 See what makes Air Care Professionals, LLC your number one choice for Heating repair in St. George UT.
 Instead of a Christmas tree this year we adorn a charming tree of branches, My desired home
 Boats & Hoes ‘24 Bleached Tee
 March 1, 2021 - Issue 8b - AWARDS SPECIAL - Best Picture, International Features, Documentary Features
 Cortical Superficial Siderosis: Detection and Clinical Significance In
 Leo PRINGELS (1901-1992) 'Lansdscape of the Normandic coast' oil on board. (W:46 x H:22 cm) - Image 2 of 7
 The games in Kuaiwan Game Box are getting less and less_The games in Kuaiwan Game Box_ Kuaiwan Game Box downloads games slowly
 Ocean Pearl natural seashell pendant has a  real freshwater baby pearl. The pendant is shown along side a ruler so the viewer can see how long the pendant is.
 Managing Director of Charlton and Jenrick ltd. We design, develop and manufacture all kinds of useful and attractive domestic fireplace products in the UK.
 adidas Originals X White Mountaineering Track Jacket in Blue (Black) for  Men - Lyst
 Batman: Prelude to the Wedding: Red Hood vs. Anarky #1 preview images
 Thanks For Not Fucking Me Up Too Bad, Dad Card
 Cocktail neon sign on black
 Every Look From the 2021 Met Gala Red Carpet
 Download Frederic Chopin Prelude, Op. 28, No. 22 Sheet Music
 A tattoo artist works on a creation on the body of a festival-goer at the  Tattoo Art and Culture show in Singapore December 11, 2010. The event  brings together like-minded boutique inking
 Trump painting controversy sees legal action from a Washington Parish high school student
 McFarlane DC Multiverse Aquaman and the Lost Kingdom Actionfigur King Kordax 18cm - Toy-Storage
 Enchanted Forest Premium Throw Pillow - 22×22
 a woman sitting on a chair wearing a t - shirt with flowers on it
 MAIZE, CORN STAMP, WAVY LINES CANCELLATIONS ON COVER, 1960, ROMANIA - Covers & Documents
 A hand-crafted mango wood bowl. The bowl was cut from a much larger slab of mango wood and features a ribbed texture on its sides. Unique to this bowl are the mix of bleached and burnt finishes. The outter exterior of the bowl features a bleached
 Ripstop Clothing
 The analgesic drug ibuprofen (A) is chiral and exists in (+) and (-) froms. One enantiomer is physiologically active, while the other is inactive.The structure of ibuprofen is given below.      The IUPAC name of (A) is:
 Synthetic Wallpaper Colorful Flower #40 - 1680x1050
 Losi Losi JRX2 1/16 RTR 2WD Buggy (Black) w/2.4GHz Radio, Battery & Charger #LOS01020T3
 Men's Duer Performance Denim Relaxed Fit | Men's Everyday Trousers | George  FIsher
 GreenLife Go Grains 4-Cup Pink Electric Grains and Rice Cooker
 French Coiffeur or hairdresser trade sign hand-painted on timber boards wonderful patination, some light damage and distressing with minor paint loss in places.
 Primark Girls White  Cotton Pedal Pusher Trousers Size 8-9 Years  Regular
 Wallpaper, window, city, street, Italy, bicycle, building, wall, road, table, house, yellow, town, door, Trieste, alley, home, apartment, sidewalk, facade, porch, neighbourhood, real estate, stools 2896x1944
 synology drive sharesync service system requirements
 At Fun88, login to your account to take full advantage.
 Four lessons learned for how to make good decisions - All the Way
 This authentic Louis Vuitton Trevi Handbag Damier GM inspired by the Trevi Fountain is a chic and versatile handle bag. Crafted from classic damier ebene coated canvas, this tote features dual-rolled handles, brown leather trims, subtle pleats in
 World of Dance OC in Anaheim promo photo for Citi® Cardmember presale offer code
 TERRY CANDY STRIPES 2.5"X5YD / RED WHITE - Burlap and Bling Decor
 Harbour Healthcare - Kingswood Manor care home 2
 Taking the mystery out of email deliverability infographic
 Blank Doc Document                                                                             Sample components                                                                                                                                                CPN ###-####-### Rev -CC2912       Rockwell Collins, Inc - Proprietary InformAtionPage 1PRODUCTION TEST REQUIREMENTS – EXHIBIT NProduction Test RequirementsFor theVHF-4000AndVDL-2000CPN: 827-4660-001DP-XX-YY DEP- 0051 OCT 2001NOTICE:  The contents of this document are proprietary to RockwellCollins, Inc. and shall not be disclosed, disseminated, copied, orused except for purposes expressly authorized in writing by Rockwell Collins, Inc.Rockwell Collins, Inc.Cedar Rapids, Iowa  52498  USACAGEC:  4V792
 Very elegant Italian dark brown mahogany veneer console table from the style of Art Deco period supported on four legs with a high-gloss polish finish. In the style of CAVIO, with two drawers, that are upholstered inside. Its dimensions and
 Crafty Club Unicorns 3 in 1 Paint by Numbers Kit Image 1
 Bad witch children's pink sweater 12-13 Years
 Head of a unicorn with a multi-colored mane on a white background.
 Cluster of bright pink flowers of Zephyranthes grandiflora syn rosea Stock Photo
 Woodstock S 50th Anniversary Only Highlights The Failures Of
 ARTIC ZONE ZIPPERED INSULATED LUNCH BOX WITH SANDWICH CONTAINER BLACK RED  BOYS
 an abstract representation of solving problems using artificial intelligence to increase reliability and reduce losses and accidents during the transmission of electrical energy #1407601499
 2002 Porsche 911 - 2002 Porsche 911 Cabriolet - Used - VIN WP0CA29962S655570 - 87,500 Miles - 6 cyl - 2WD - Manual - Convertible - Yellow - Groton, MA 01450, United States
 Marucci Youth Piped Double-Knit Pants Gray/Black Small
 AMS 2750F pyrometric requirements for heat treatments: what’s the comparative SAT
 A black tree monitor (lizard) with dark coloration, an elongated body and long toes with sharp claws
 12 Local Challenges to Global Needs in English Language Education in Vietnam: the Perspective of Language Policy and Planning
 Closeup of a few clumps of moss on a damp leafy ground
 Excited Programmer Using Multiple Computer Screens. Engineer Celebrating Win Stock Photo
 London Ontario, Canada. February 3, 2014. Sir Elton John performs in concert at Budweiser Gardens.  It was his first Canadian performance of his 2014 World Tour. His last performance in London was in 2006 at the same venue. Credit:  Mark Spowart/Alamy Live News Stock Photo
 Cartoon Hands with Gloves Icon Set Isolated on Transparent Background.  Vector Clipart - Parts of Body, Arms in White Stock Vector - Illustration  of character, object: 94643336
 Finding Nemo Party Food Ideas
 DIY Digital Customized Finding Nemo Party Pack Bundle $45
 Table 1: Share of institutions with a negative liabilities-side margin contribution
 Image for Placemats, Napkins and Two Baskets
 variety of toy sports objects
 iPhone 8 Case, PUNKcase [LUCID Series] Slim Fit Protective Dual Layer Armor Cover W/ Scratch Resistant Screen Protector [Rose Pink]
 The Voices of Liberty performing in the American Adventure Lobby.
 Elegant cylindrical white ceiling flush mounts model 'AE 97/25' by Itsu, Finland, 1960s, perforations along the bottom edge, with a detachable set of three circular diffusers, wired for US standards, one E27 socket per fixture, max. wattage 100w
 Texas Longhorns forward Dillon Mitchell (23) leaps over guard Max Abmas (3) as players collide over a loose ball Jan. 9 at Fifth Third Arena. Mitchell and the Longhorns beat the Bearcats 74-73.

*Assignment*: Every single line of the listing must be retyped exactly.

*Solution to this task*:
 See what makes Air Care Professionals, LLC your number one choice for Heating repair in St. George UT.
 Instead of a Christmas tree this year we adorn a charming tree of branches, My desired home
 Boats & Hoes ‘24 Bleached Tee
 March 1, 2021 - Issue 8b - AWARDS SPECIAL - Best Picture, International Features, Documentary Features
 Cortical Superficial Siderosis: Detection and Clinical Significance In
 Leo PRINGELS (1901-1992) 'Lansdscape of the Normandic coast' oil on board. (W:46 x H:22 cm) - Image 2 of 7
 The games in Kuaiwan Game Box are getting less and less_The games in Kuaiwan Game Box_ Kuaiwan Game Box downloads games slowly
 Ocean Pearl natural seashell pendant has a  real freshwater baby pearl. The pendant is shown along side a ruler so the viewer can see how long the pendant is.
 Managing Director of Charlton and Jenrick ltd. We design, develop and manufacture all kinds of useful and attractive domestic fireplace products in the UK.
 adidas Originals X White Mountaineering Track Jacket in Blue (Black) for  Men - Lyst
 Batman: Prelude to the Wedding: Red Hood vs. Anarky #1 preview images
 Thanks For Not Fucking Me Up Too Bad, Dad Card
 Cocktail neon sign on black
 Every Look From the 2021 Met Gala Red Carpet
 Download Frederic Chopin Prelude, Op. 28, No. 22 Sheet Music
 A tattoo artist works on a creation on the body of a festival-goer at the  Tattoo Art and Culture show in Singapore December 11, 2010. The event  brings together like-minded boutique inking
 Trump painting controversy sees legal action from a Washington Parish high school student
 McFarlane DC Multiverse Aquaman and the Lost Kingdom Actionfigur King Kordax 18cm - Toy-Storage
 Enchanted Forest Premium Throw Pillow - 22×22
 a woman sitting on a chair wearing a t - shirt with flowers on it
 MAIZE, CORN STAMP, WAVY LINES CANCELLATIONS ON COVER, 1960, ROMANIA - Covers & Documents
 A hand-crafted mango wood bowl. The bowl was cut from a much larger slab of mango wood and features a ribbed texture on its sides. Unique to this bowl are the mix of bleached and burnt finishes. The outter exterior of the bowl features a bleached
 Ripstop Clothing
 The analgesic drug ibuprofen (A) is chiral and exists in (+) and (-) froms. One enantiomer is physiologically active, while the other is inactive.The structure of ibuprofen is given below.      The IUPAC name of (A) is:
 Synthetic Wallpaper Colorful Flower #40 - 1680x1050
 Losi Losi JRX2 1/16 RTR 2WD Buggy (Black) w/2.4GHz Radio, Battery & Charger #LOS01020T3
 Men's Duer Performance Denim Relaxed Fit | Men's Everyday Trousers | George  FIsher
 GreenLife Go Grains 4-Cup Pink Electric Grains and Rice Cooker
 French Coiffeur or hairdresser trade sign hand-painted on timber boards wonderful patination, some light damage and distressing with minor paint loss in places.
 Primark Girls White  Cotton Pedal Pusher Trousers Size 8-9 Years  Regular
 Wallpaper, window, city, street, Italy, bicycle, building, wall, road, table, house, yellow, town, door, Trieste, alley, home, apartment, sidewalk, facade, porch, neighbourhood, real estate, stools 2896x1944
 synology drive sharesync service system requirements
 At Fun88, login to your account to take full advantage.
 Four lessons learned for how to make good decisions - All the Way
 This authentic Louis Vuitton Trevi Handbag Damier GM inspired by the Trevi Fountain is a chic and versatile handle bag. Crafted from classic damier ebene coated canvas, this tote features dual-rolled handles, brown leather trims, subtle pleats in
 World of Dance OC in Anaheim promo photo for Citi® Cardmember presale offer code
 TERRY CANDY STRIPES 2.5"X5YD / RED WHITE - Burlap and Bling Decor
 Harbour Healthcare - Kingswood Manor care home 2
 Taking the mystery out of email deliverability infographic
 Blank Doc Document                                                                             Sample components                                                                                                                                                CPN ###-####-### Rev -CC2912       Rockwell Collins, Inc - Proprietary InformAtionPage 1PRODUCTION TEST REQUIREMENTS – EXHIBIT NProduction Test RequirementsFor theVHF-4000AndVDL-2000CPN: 827-4660-001DP-XX-YY DEP- 0051 OCT 2001NOTICE:  The contents of this document are proprietary to RockwellCollins, Inc. and shall not be disclosed, disseminated, copied, orused except for purposes expressly authorized in writing by Rockwell Collins, Inc.Rockwell Collins, Inc.Cedar Rapids, Iowa  52498  USACAGEC:  4V792
 Very elegant Italian dark brown mahogany veneer console table from the style of Art Deco period supported on four legs with a high-gloss polish finish. In the style of CAVIO, with two drawers, that are upholstered inside. Its dimensions and
 Crafty Club Unicorns 3 in 1 Paint by Numbers Kit Image 1
 Bad witch children's pink sweater 12-13 Years
 Head of a unicorn with a multi-colored mane on a white background.
 Cluster of bright pink flowers of Zephyranthes grandiflora syn rosea Stock Photo
 Woodstock S 50th Anniversary Only Highlights The Failures Of
 ARTIC ZONE ZIPPERED INSULATED LUNCH BOX WITH SANDWICH CONTAINER BLACK RED  BOYS
 an abstract representation of solving problems using artificial intelligence to increase reliability and reduce losses and accidents during the transmission of electrical energy #1407601499
 2002 Porsche 911 - 2002 Porsche 911 Cabriolet - Used - VIN WP0CA29962S655570 - 87,500 Miles - 6 cyl - 2WD - Manual - Convertible - Yellow - Groton, MA 01450, United States
 Marucci Youth Piped Double-Knit Pants Gray/Black Small
 AMS 2750F pyrometric requirements for heat treatments: what’s the comparative SAT
 A black tree monitor (lizard) with dark coloration, an elongated body and long toes with sharp claws
 12 Local Challenges to Global Needs in English Language Education in Vietnam: the Perspective of Language Policy and Planning
 Closeup of a few clumps of moss on a damp leafy ground
 Excited Programmer Using Multiple Computer Screens. Engineer Celebrating Win Stock Photo
 London Ontario, Canada. February 3, 2014. Sir Elton John performs in concert at Budweiser Gardens.  It was his first Canadian performance of his 2014 World Tour. His last performance in London was in 2006 at the same venue. Credit:  Mark Spowart/Alamy Live News Stock Photo
 Cartoon Hands with Gloves Icon Set Isolated on Transparent Background.  Vector Clipart - Parts of Body, Arms in White Stock Vector - Illustration  of character, object: 94643336
 Finding Nemo Party Food Ideas
 DIY Digital Customized Finding Nemo Party Pack Bundle $45
 Table 1: Share of institutions with a negative liabilities-side margin contribution
 Image for Placemats, Napkins and Two Baskets
 variety of toy sports objects
 iPhone 8 Case, PUNKcase [LUCID Series] Slim Fit Protective Dual Layer Armor Cover W/ Scratch Resistant Screen Protector [Rose Pink]
 The Voices of Liberty performing in the American Adventure Lobby.
 Elegant cylindrical white ceiling flush mounts model 'AE 97/25' by Itsu, Finland, 1960s, perforations along the bottom edge, with a detachable set of three circular diffusers, wired for US standards, one E27 socket per fixture, max. wattage 100w
 Texas Longhorns forward Dillon Mitchell (23) leaps over guard Max Abmas (3) as players collide over a loose ball Jan. 9 at Fifth Third Arena. Mitchell and the Longhorns beat the Bearcats 74-73.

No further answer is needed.